For instantaneous data containing both noise and bias, the outcome of the procedure may be very different. For System B registered to LT, the median of \( TRE_{c}^{\left( n \right)} \) (evaluated after RBC has been restored for each n-th dataset) is much larger than \( TRE_{c} \) calculated for average fiducials \( \left\{ {\bar{\varvec{X}}} \right\}_{J} \) and targets \( \left\{ {\bar{\varvec{T}}_{X} } \right\} \), see cases (3) and (2) in Fig. 4b. In fact, the median of \( TRE_{c}^{\left( n \right)} \) is even larger than the uncorrected \( TRE_{u} \left( k \right) \), see cases (3) and (1) in Fig. 4b. However, for System A registered to LT, there is practically no difference between the median of \( TRE_{c}^{\left( n \right)} \) and corrected \( TRE_{c} \) calculated for average \( \left\{ {\bar{\varvec{X}}} \right\}_{J} \) and \( \left\{ {\bar{\varvec{T}}_{X} } \right\} \), see cases (3) and (2) in Fig. 4a. Similarly, for instantaneous data acquired by RA and registered to world, the procedure of restoring RBC leads to noticeable reduction in \( TRE_{c} \) when compared with uncorrected \( TRE_{u} \), see cases (2) and (1) in Fig. 5a. In fact, in out of 80 target locations, the procedure failed only marginally in four cases, as indicated by \( \Delta TRE > 0 \) in Fig. 5b.

If random noise is the main cause of poor registration, reduction in \( TRE\left( k \right) \) can be obtained by preplanning the placement of fiducials relative to the k-th target. This procedure is based on the fact that uncertainty propagated from fiducials via transformation \( \left\{ {\varvec{R},\varvec{\tau}} \right\} \) to the target is anisotropic, as predicted in [16] and confirmed experimentally in [17]. Thus, optimally placed fiducials will ensure that the uncertainty propagated to a given target is the smallest.

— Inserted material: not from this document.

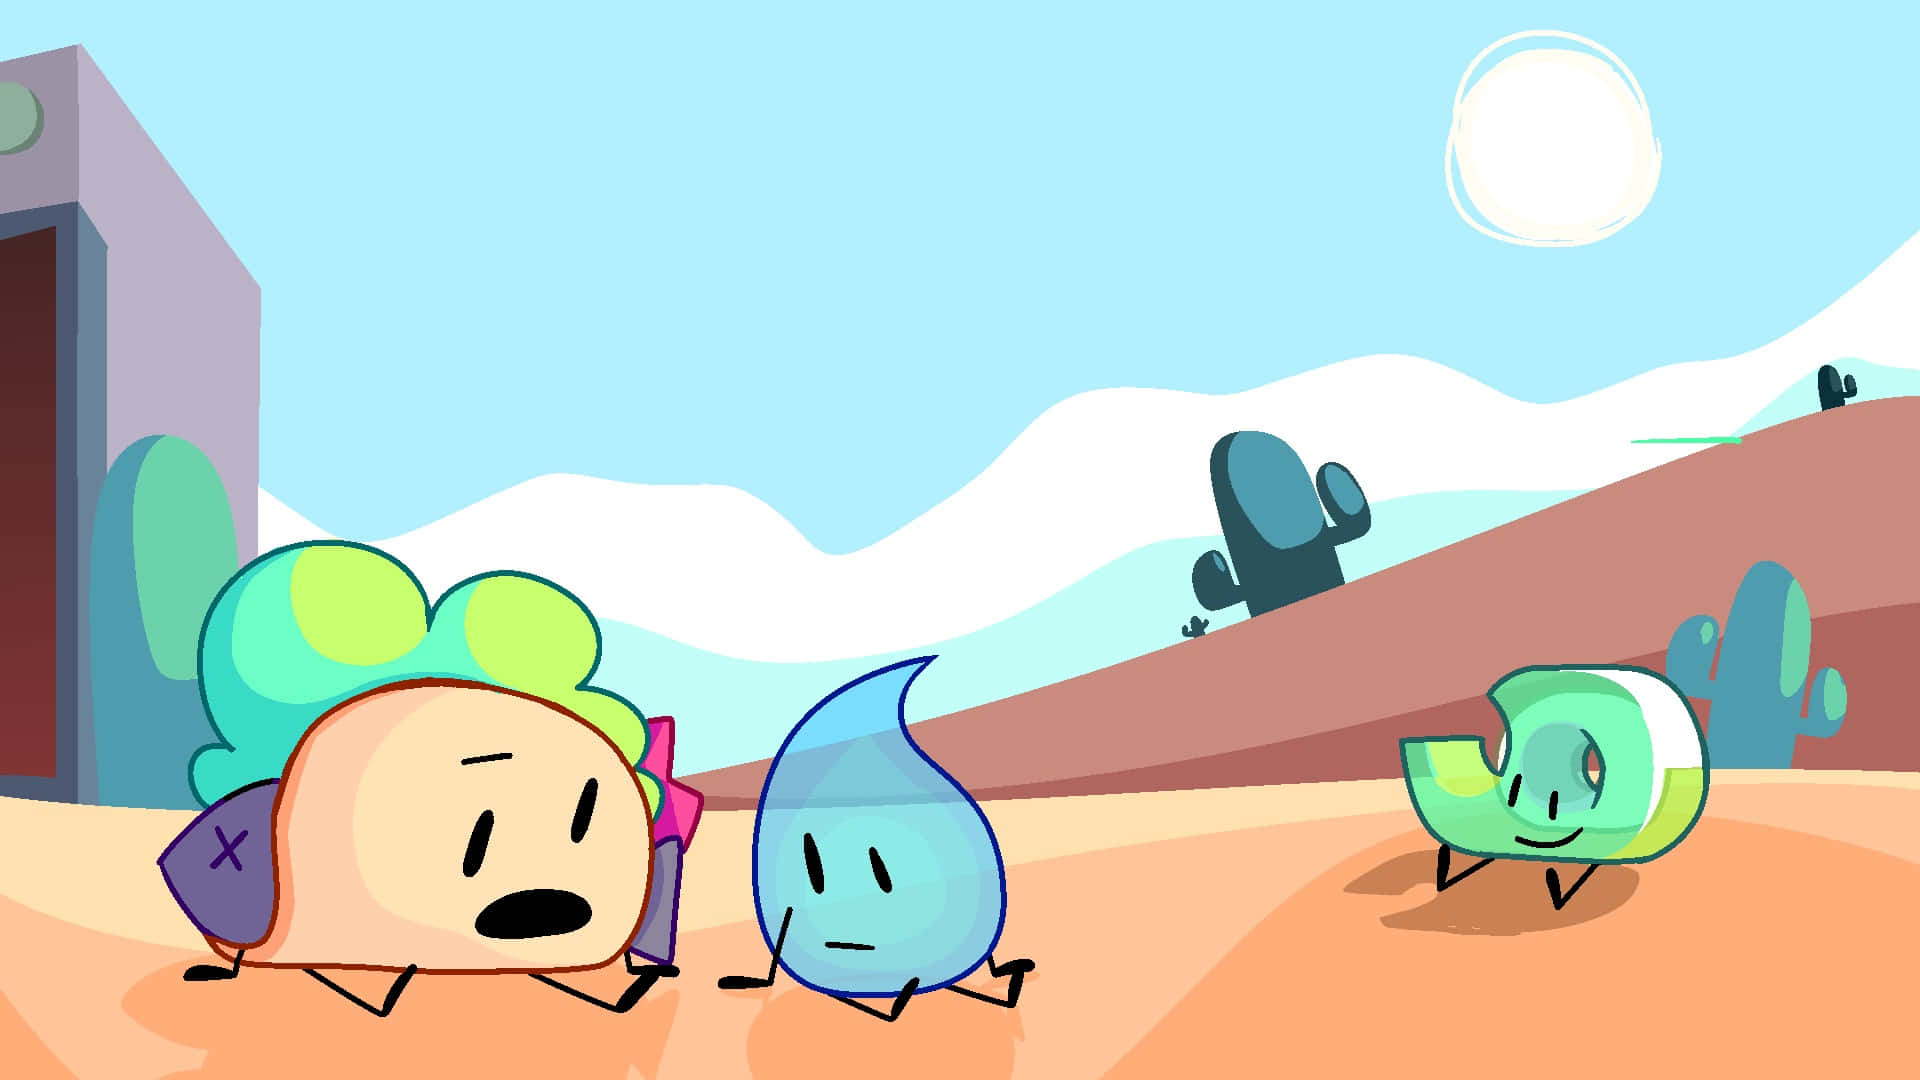 BFB Four wallpaper wallpaper by networkcatYT  Download on ZEDGE  002f

However, unlike the suppression of bias which can decrease \( TRE \) of any target point, placement of fiducials must be optimized for each target independently.

In summary, the calculation of parameter \( \rho \) as shown in Table 1 may help to determine if the procedure of restoring RBC leads to improvement in the registration of instantaneous data (i.e., data containing both noise and bias). For \( \rho < 1 \), the procedure should not be used as it will lead to worse performance of registration than for original, uncorrected data. For \( \rho \;{ \gtrsim }\;2.5 \), the use of the procedure is beneficial. The larger the parameter \( \rho \), the better improvement in registration is expected and this, in turn, should improve performance of part assembly when tight tolerances are required.